The UI Carver College of Medicine is now integrating stress management into mandatory classes for first-year medical students for the first time.

"Focus groups said it was hard to come to [stress management] workshops," said Christine Cork, the director of the UI medical school counseling center. "We decided to bring it into the classroom and make it more accessible."

Janeta Tansey, a UI clinical associate professor of psychiatry, said it is important to teach students coping mechanisms early in their medical careers because that is when barriers to success are first introduced.

The stress-management curriculum is woven into two classes - Foundations for Clinical Practice I and II - at the medical school. Additionally, the school implemented a "mindfulness" course last fall and, more recently, a weekly yoga class specifically for medical students.

An understanding of how stress can affect doctors' abilities is vital, UI officials said.

"When we [students or doctors] are stressed, we lose some of our cognitive abilities," Cork said. "Our focus is off, and that interferes with our work, and around here, that's not OK."

Tansey also draws a connection between poor coping mechanisms and ineffective work performance.

"Students have to value taking care of themselves, so they can then take care of others," Tansey said.
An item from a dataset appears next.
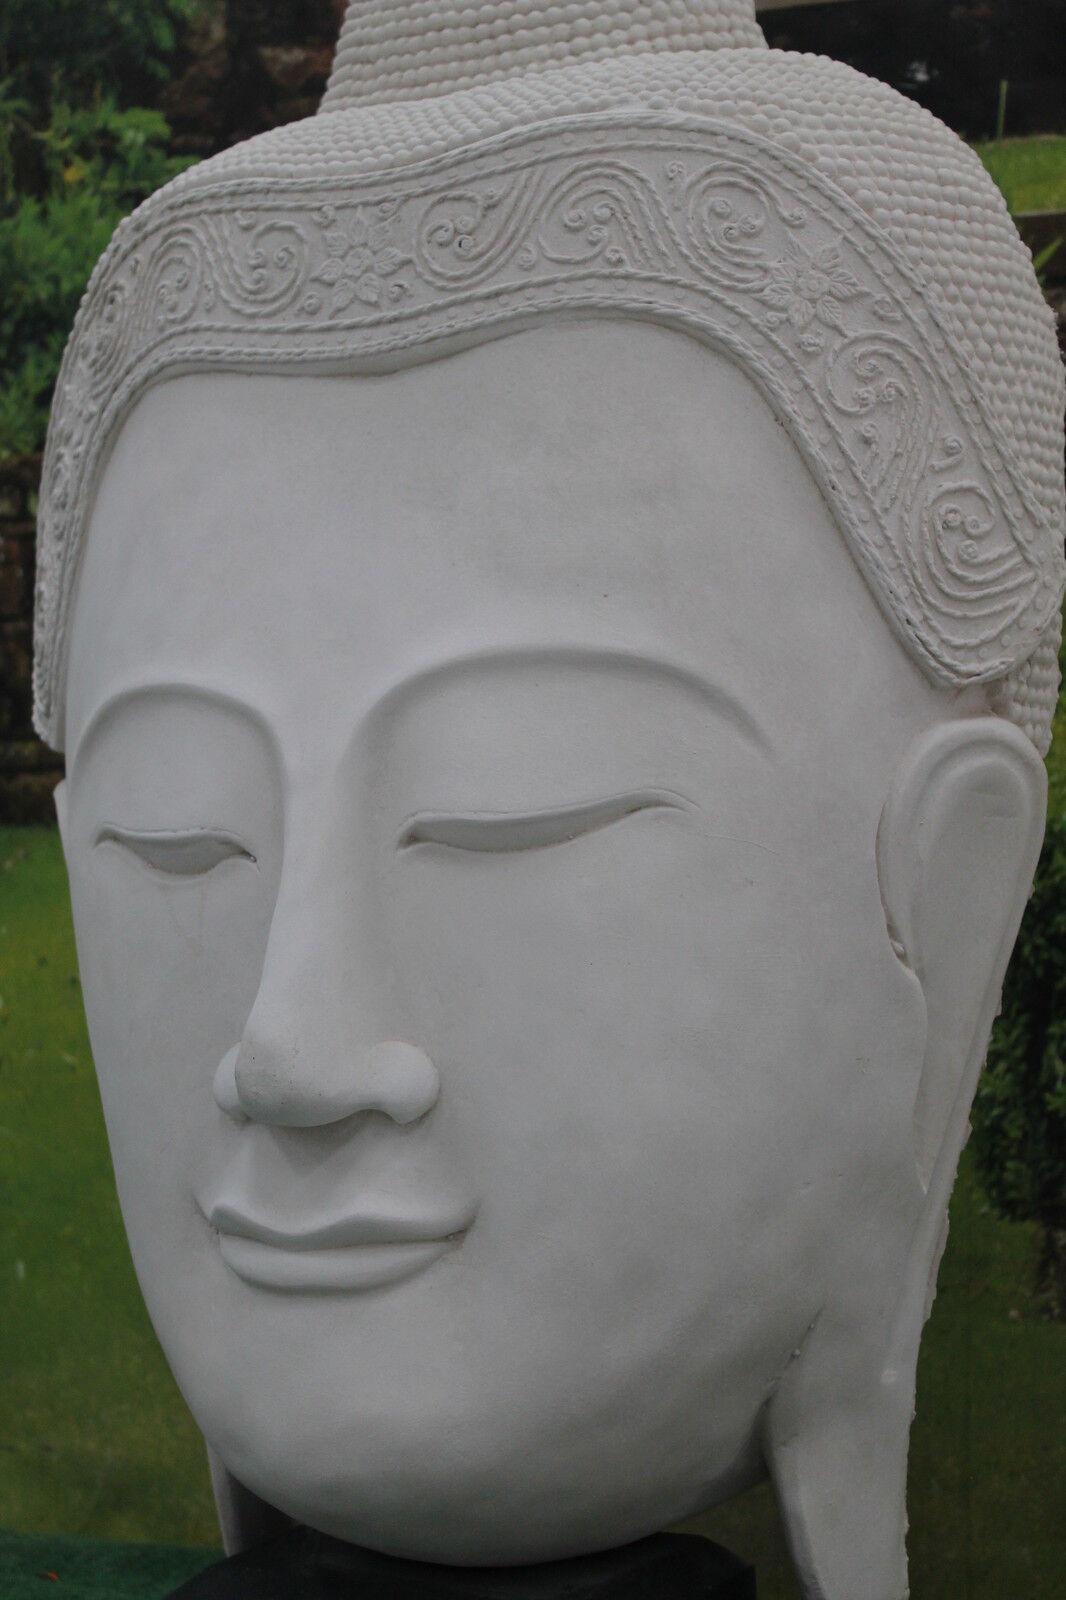 WHITE LIMESTONE 115 CMS TALL  BUDDHA STATUE  HEAD GARDEN ORNAMENT STATUE

Professionalism, which includes proper stress management, is directly tied to ethics, she said. The UI Center for Biomedical Ethics has had a strong hand in introducing stress management into mandatory classes, she said.

Students have also taken a renewed interest in wellness. A wellness student group was recently formed to advise the medical student counseling center on what types of programs medical students would like to join.

Cork said students have responded well to the new curriculum and that the counseling center has been seeing more students than ever, which she says is a good thing.

"They're starting to see the counseling center as more of a resource," Cork said.

Helping students deal with the rigors of their future careers and school is an ongoing process, one officials hope will continue to improve.

Medical schools across the country are becoming aware of the need for more wellness programs and research concerning lifestyle management among physicians is a growing field, she added.

"We're going to continue to see professionalism become a more obvious component," Tansey said.